Gimme the Loot!: How to Steal Like a Poet
“Good poets borrow, great poets steal.” —T.S. Eliot
“What we call originality is just a new amalgam of old influences.” —Marvin Bell
In this workshop, we will explore strategies by which poets may enrich their own art by deliberately imitating their favorites… and their favorites’ favorites! We will discuss such topics as voice, influence, and originality, as well as the imperative of serving a serious apprenticeship. One final, and imperative, consideration, are the possibilities of and strategies by which apprentice poets may attempt to wipe away traces of influence. That is, to cover their tracks! Participants should bring to the workshop some favorite works by other writers.
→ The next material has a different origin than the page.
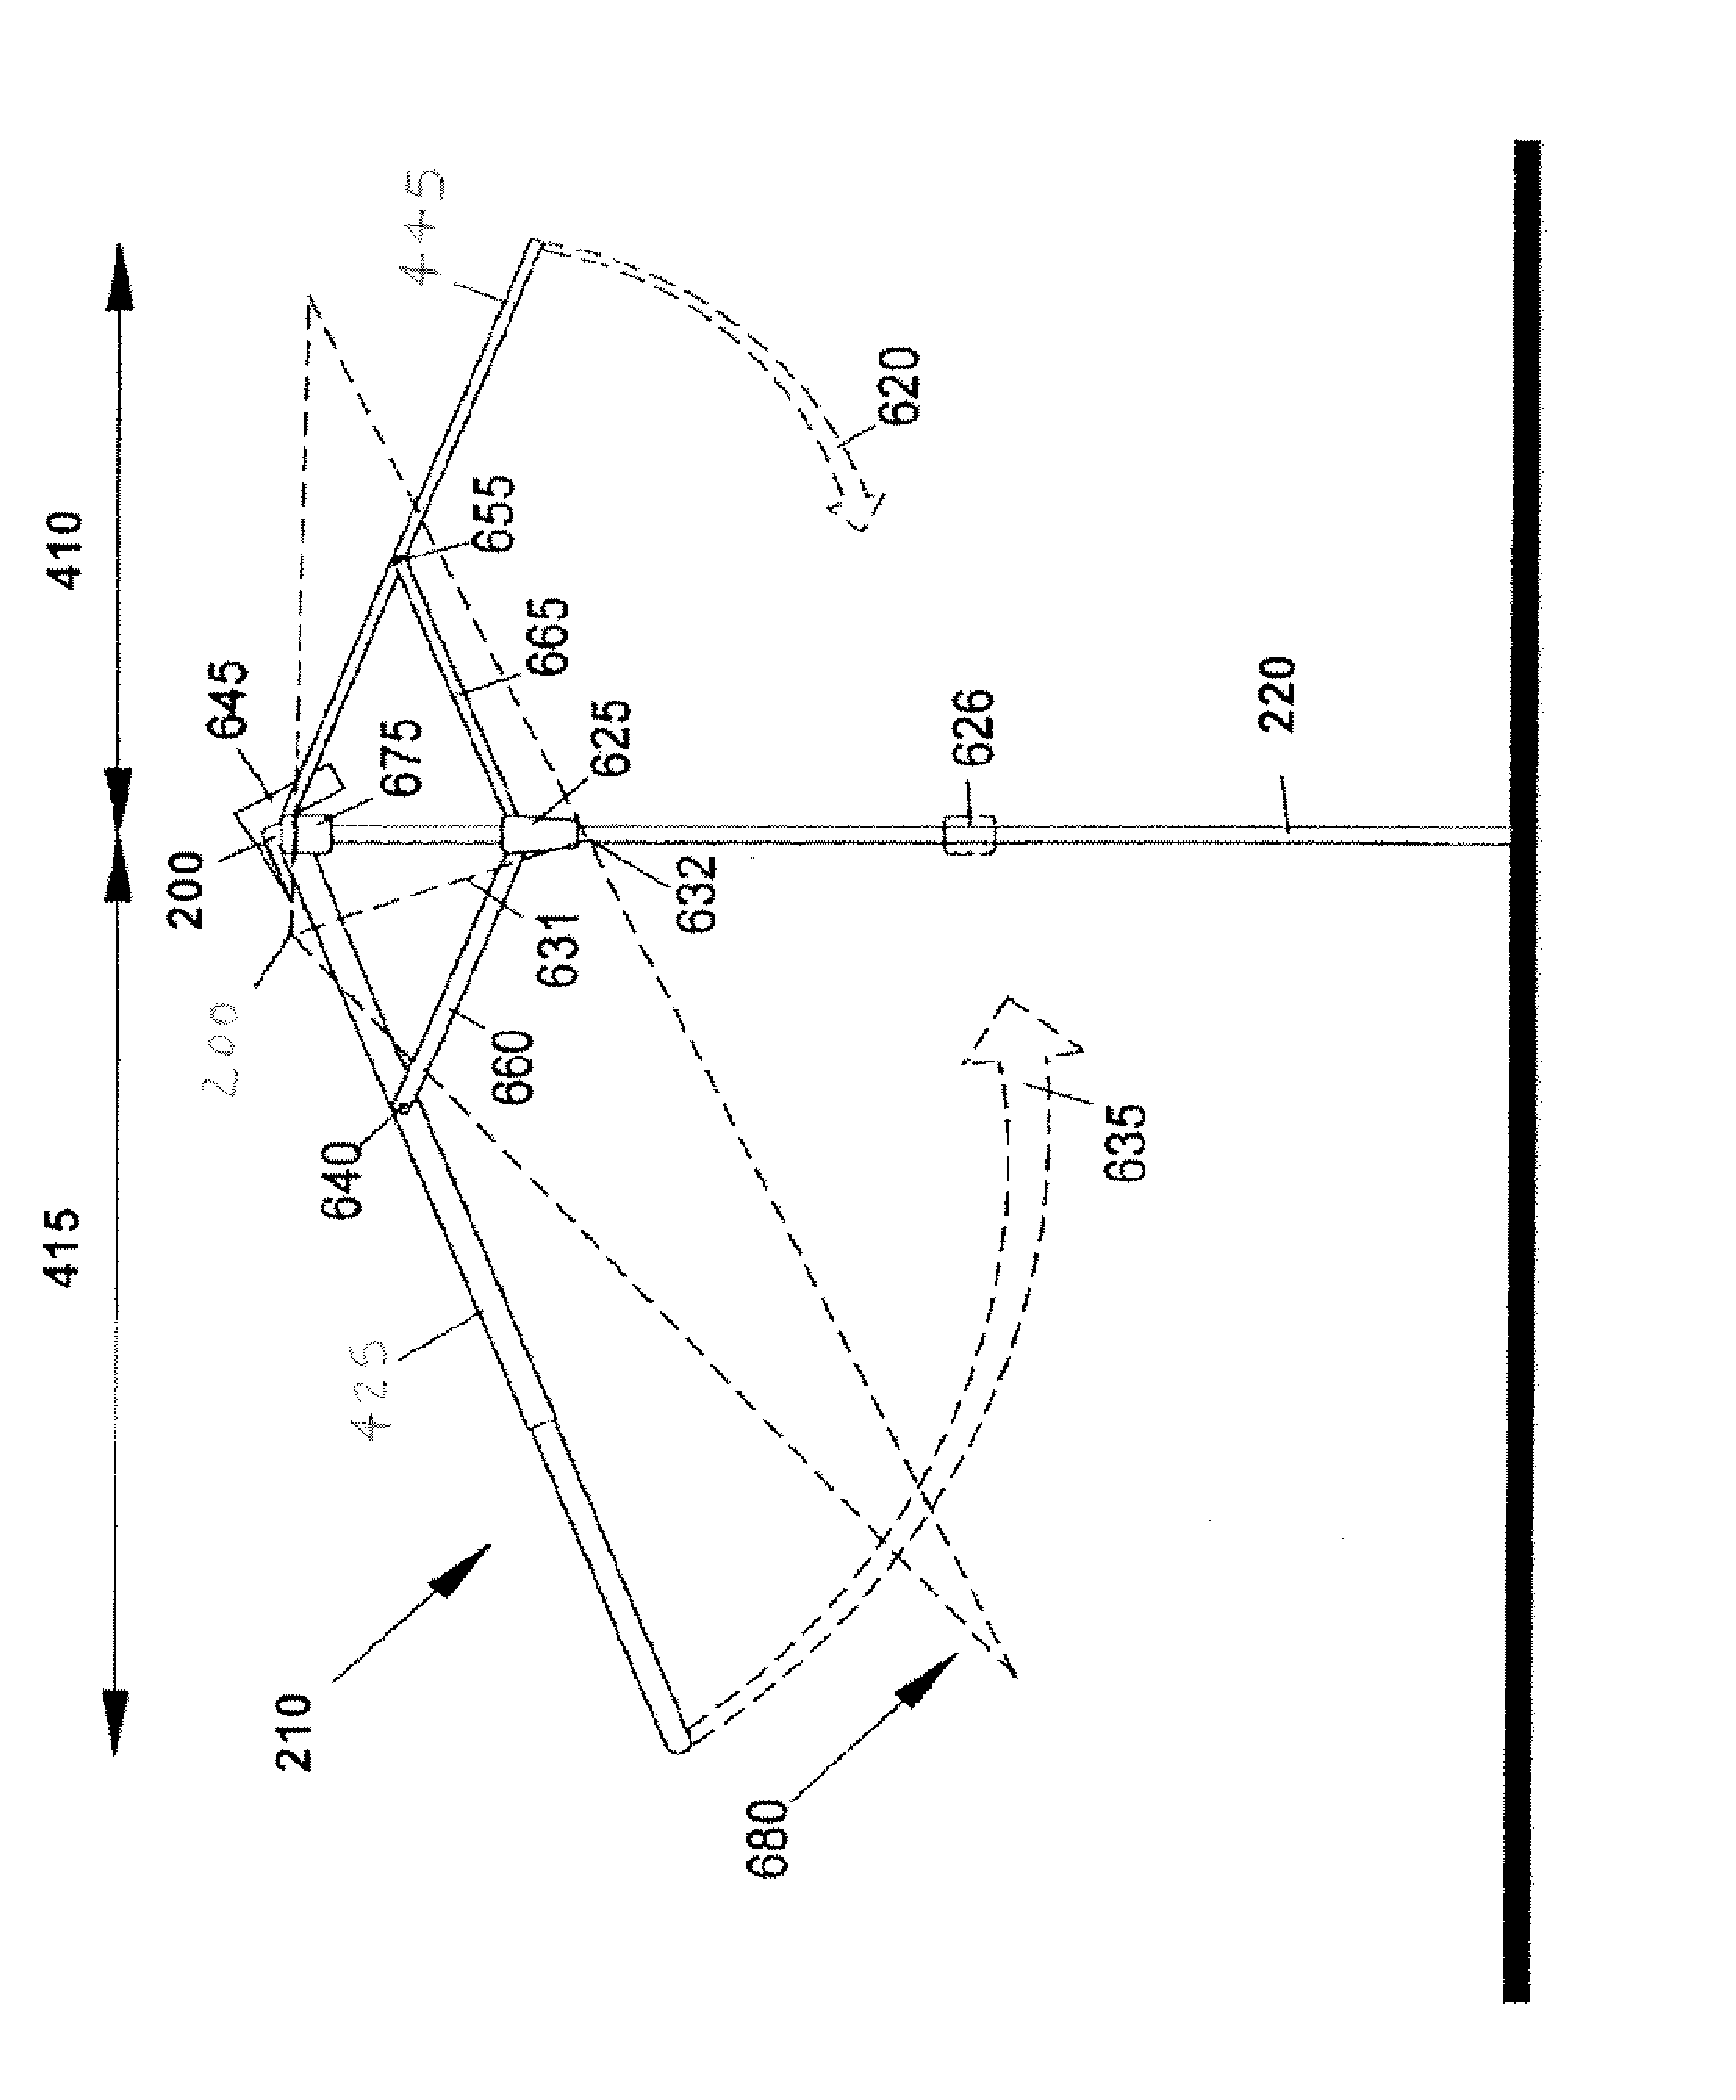 Canopy for a stationary covering device having an asymmetrical shape

John Murillo is the author of the poetry collections, Up Jump the Boogie (Cypher 2010, Four Way Books 2020), finalist for both the Kate Tufts Discovery Award and the Pen Open Book Award, and Kontemporary Amerikan Poetry (Four Way 2020), recent winner of the 2021 Kingsley Tufts Poetry Award – one of the largest annual awards in contemporary poetry. His other honors include two Larry Neal Writers Awards, Pushcart Prizes, the J Howard and Barbara MJ Wood Prize from the Poetry Foundation, an NYSCA/NYFA Artist Fellowship, and fellowships from the National Endowment for the Arts, the Bread Loaf Writers Conference, Fine Arts Work Center in Provincetown, Cave Canem Foundation, and the Wisconsin Institute for Creative Writing. Recent poems have appeared in such publications as American Poetry Review, Poetry, the New York Times, and Best American Poetry 2017, 2019, and 2020. He is an assistant professor of English and director of the creative writing program at Wesleyan University and also teaches in the low residency MFA program at Sierra Nevada University.